Default model is Official pretrained SaProt (650M).

Inverse folding dataset

PDB/CIF file

After generating the sequence

Predict the structure of generated sequence

Align proteins using TMalign

Instruction

Step 1

Click the run button to upload the structure file, which could be in the format of .pdb or .cif file.

Step 2

After clicking the "Run" button, additional input boxes and upload button will appear.

Step 3

After uploading the structure file, it will be transformed into AA sequence and structure sequence.

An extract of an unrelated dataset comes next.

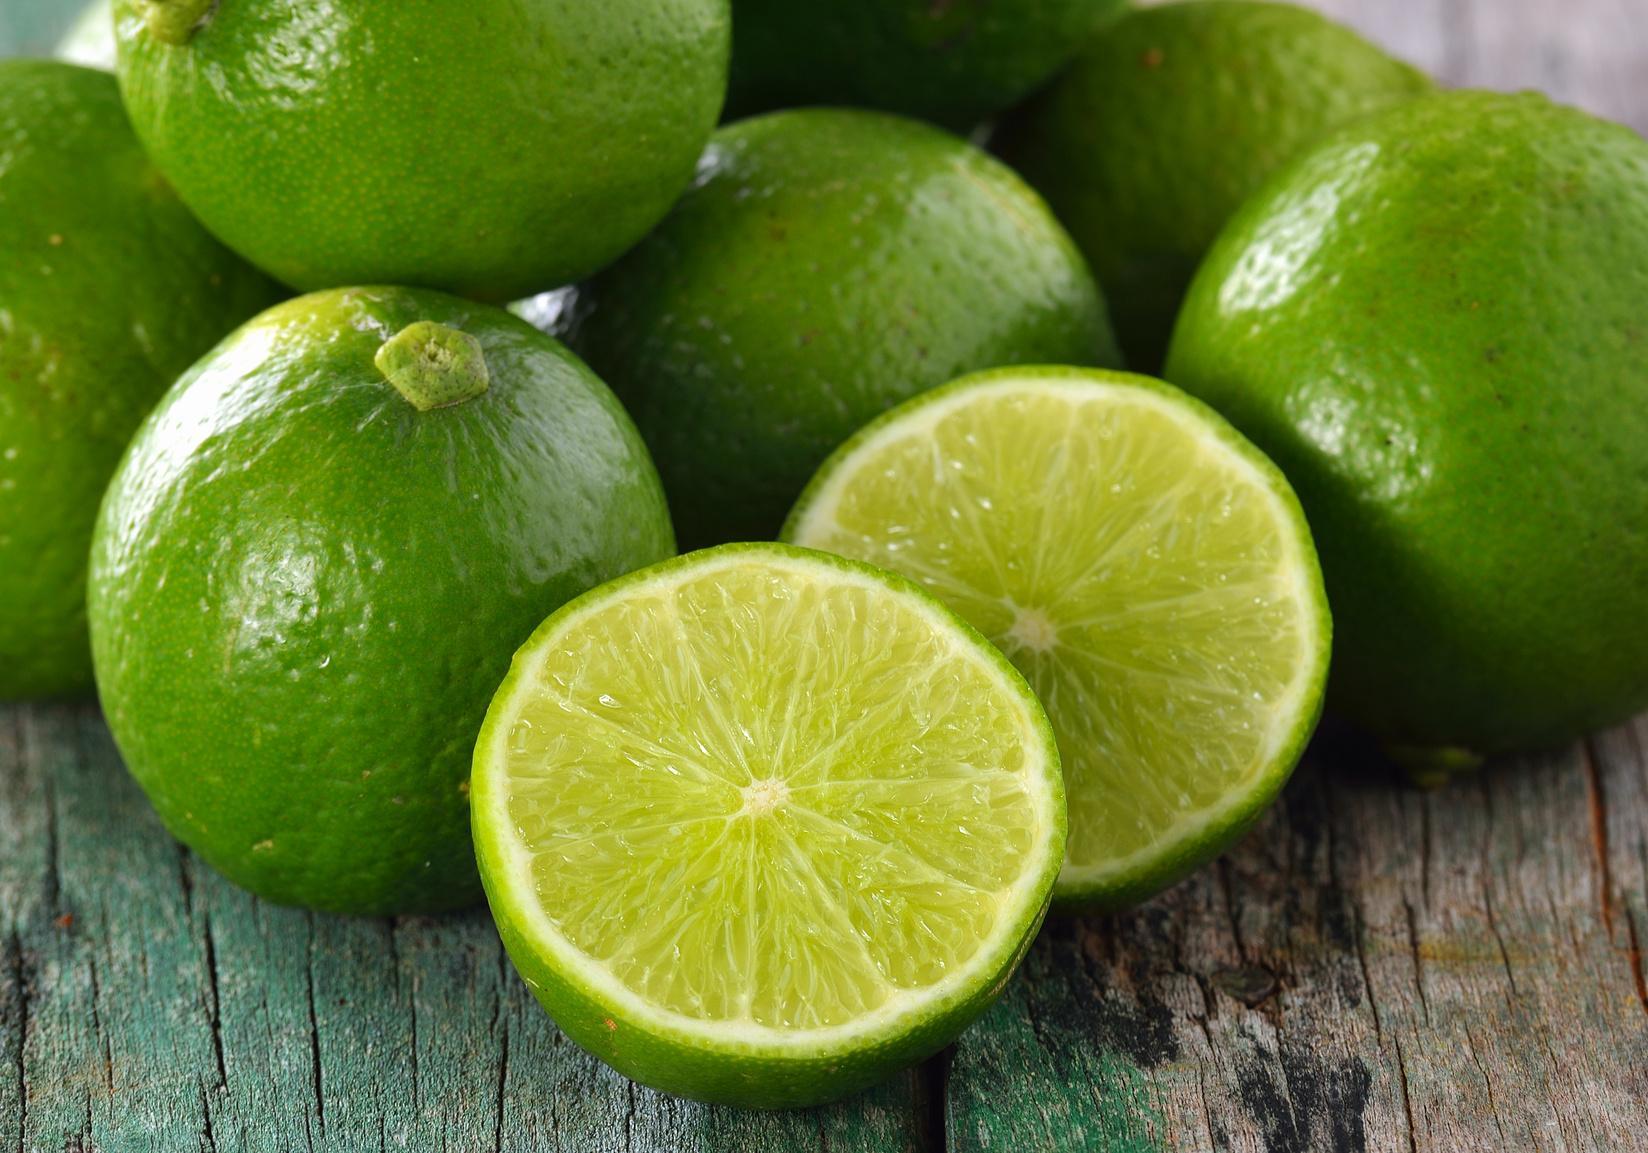 recettes citron vert cuisine madame figaro. Black Bedroom Furniture Sets. Home Design Ideas

Use '#' to mask some amino acids for prediction.

Step 4

Choose the prediction method.

Step 5

Click the run button to make prediction.

How to contribute to SaprotHub

Join SaprotHub Organization

Before contributing to SaprotHub, you need to join the SaprotHub Huggingface Organization to gain write access to the subset of repos within the Organization that you have created.

Contribute to SaprotHub

You have two ways to contribute to SaprotHub:

  1. Transfer your model to SaprotHub (Recommended)
  2. Create a new model repository and upload model files

Transfer your model to SaprotHub (Recommended)

Once you have uploaded the model to your Huggingface repository using ColabSaprot, you can directly transfer your model to SaprotHub.

Create a new model repository and upload model files

You can manually create a new model repository on SaprotHub, and then upload the model files to this repository.